# kon-tiki cooker HOT



## GTS1 (Aug 18, 2007)

We have noticed that when using the grill on our Kon-tiki 669 that the control knobs tend to get quite hot, has anyone else noticed? 

I can't see ours being the only one, surely this is a design fault if so what can be done so that we can cook on our "full cooker".

I could make a wooden handle that fits over the nice silver metal ones.

We don't often use the grill as it is not very good even for toast. but I dont use the airbags very often either but I still expect them to work when needed..


----------



## suedew (May 10, 2005)

Not sure if our oven/grill on the escape is the same, but there is metal plate which pulls out, well it says pull out when oven/grill in use (i think that is the wording can't see the van from here) ours is permanently out, haven't noticed controls of cooker getting hot.

Know it may be a novel idea, but is there anything in the handbook for the cooker about it? :wink: 

Sue


----------



## cabby (May 14, 2005)

there should be a metal piece that either pulls out or clips on to protect your knobs.   just seen what i wrote.

cabby


----------



## GTS1 (Aug 18, 2007)

Just checked cannot see any plate or cover that pulls out , my knobs are definitely left unprotected.


----------



## CPW2007 (Aug 17, 2007)

We rarely use the grill but on the occasions that it is used our knobs  do not get very hot. We always leave the grill door fully open when the grill is used - other than that I can't really be of much help :? 

Our cooker is a Stoves 500 DF DIT if that helps :!: :?: 

Regards

Chris


----------



## Rapide561 (Oct 1, 2005)

*Cooker*

Hi

I think the pull out metal bit may well be model specific.
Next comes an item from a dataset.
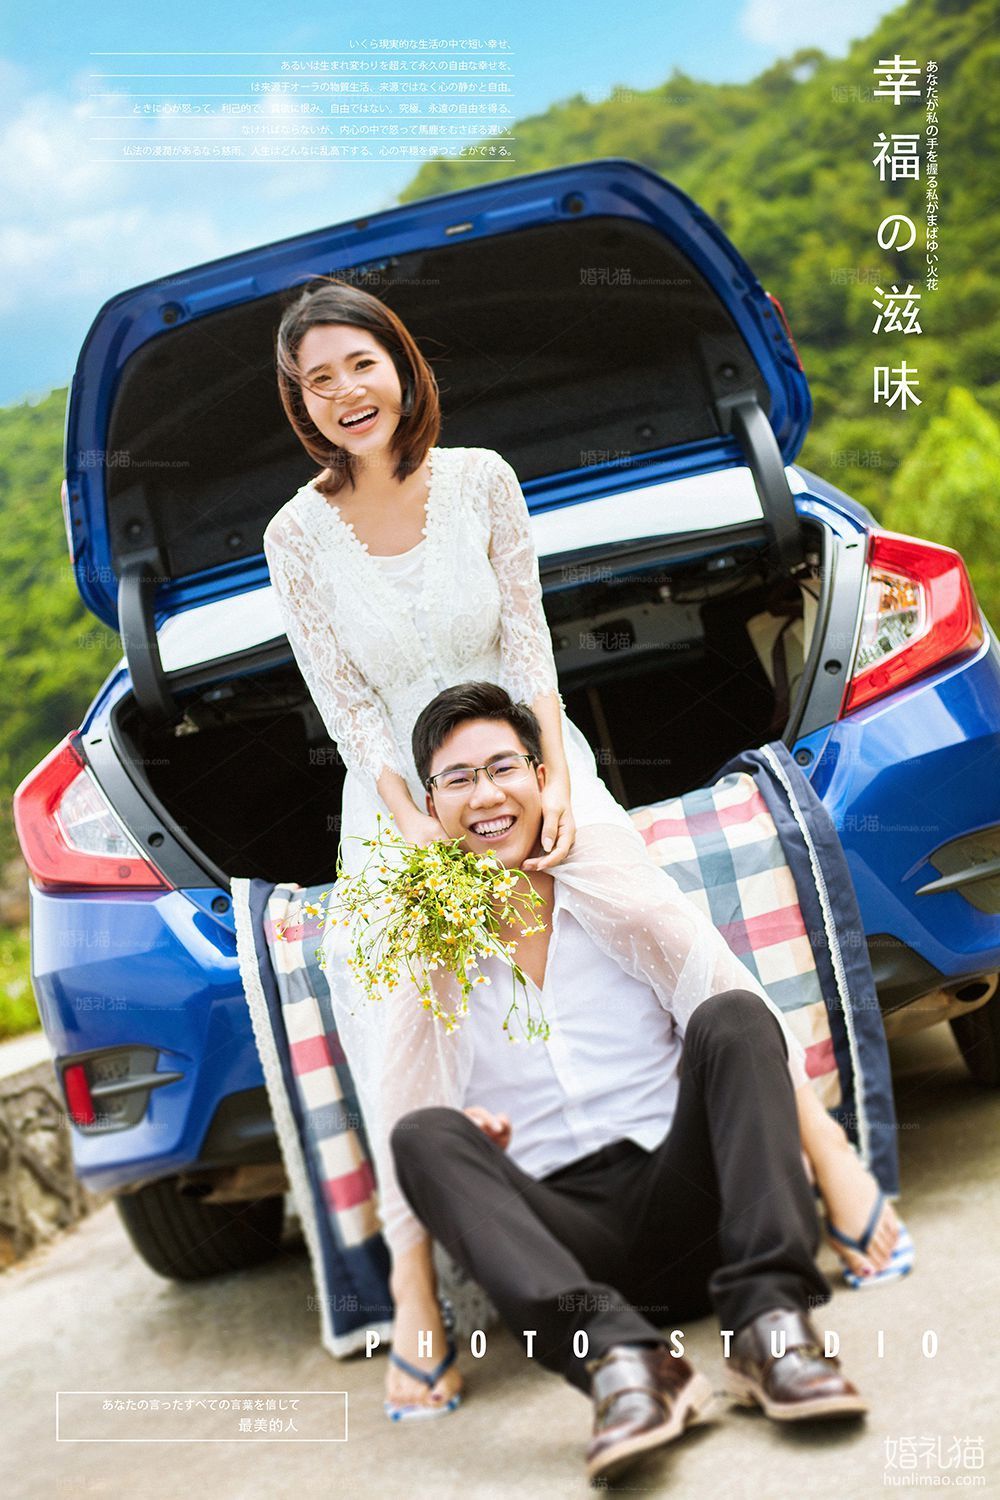 自然清新婚纱摄影|旅行车结婚照,[自然清新, 旅行车],广州婚纱照,婚纱照图片
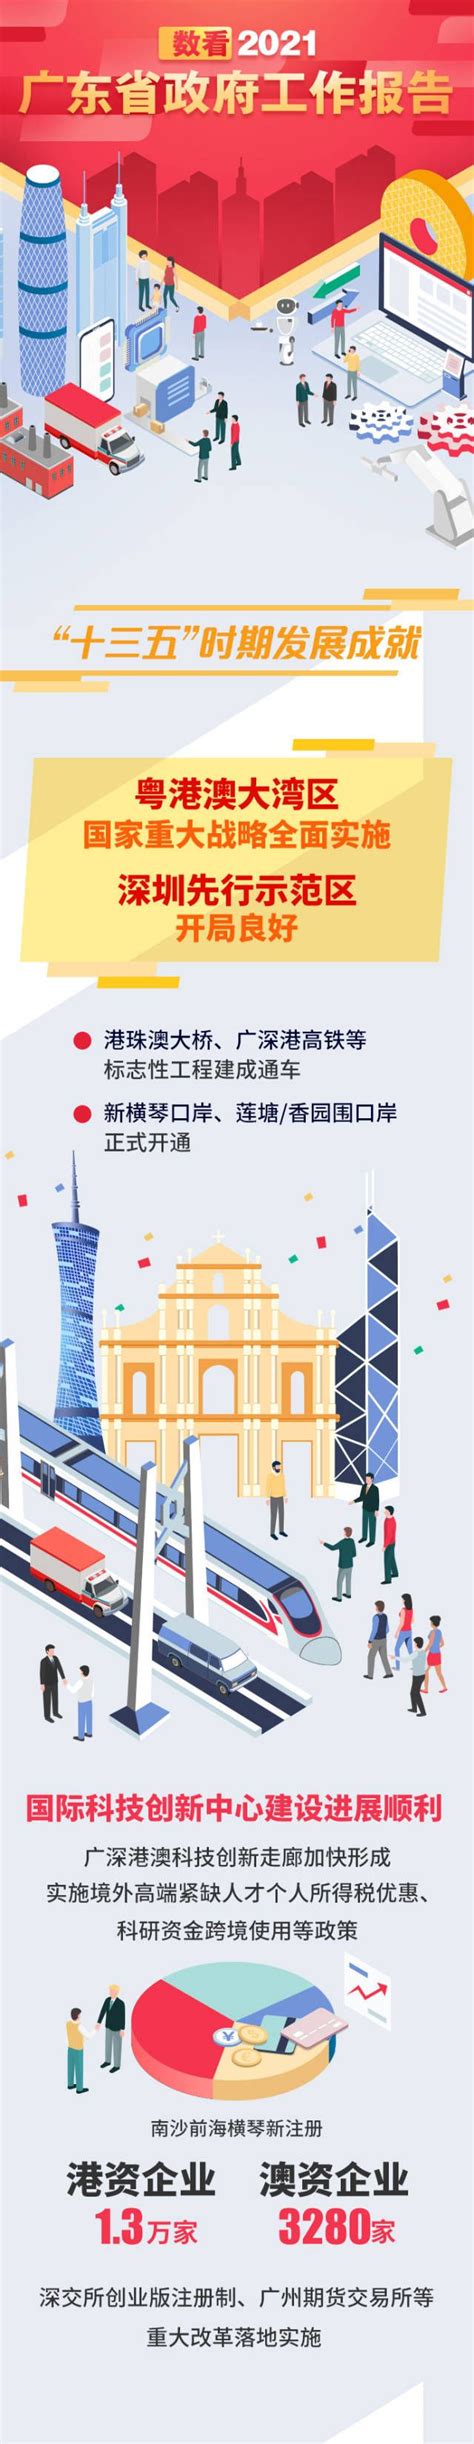 郑州市政府工作报告晒出2022发展“成绩单” 中钢网再次被写入报告中 - 中国网

I have a Stoves cooker, model as detailed above. I rarely use the grill though but I can't say I have noticed hot knobs.

Russell


----------



## GTS1 (Aug 18, 2007)

Sorry Guys, its a thetford cooker on a Kon-tiki 669


----------



## karlb (Feb 22, 2009)

*Re: Cooker*



Rapide561 said:


> Hi
> 
> I think the pull out metal bit may well be model specific.
> 
> ...


even with the haircut? :lol:


----------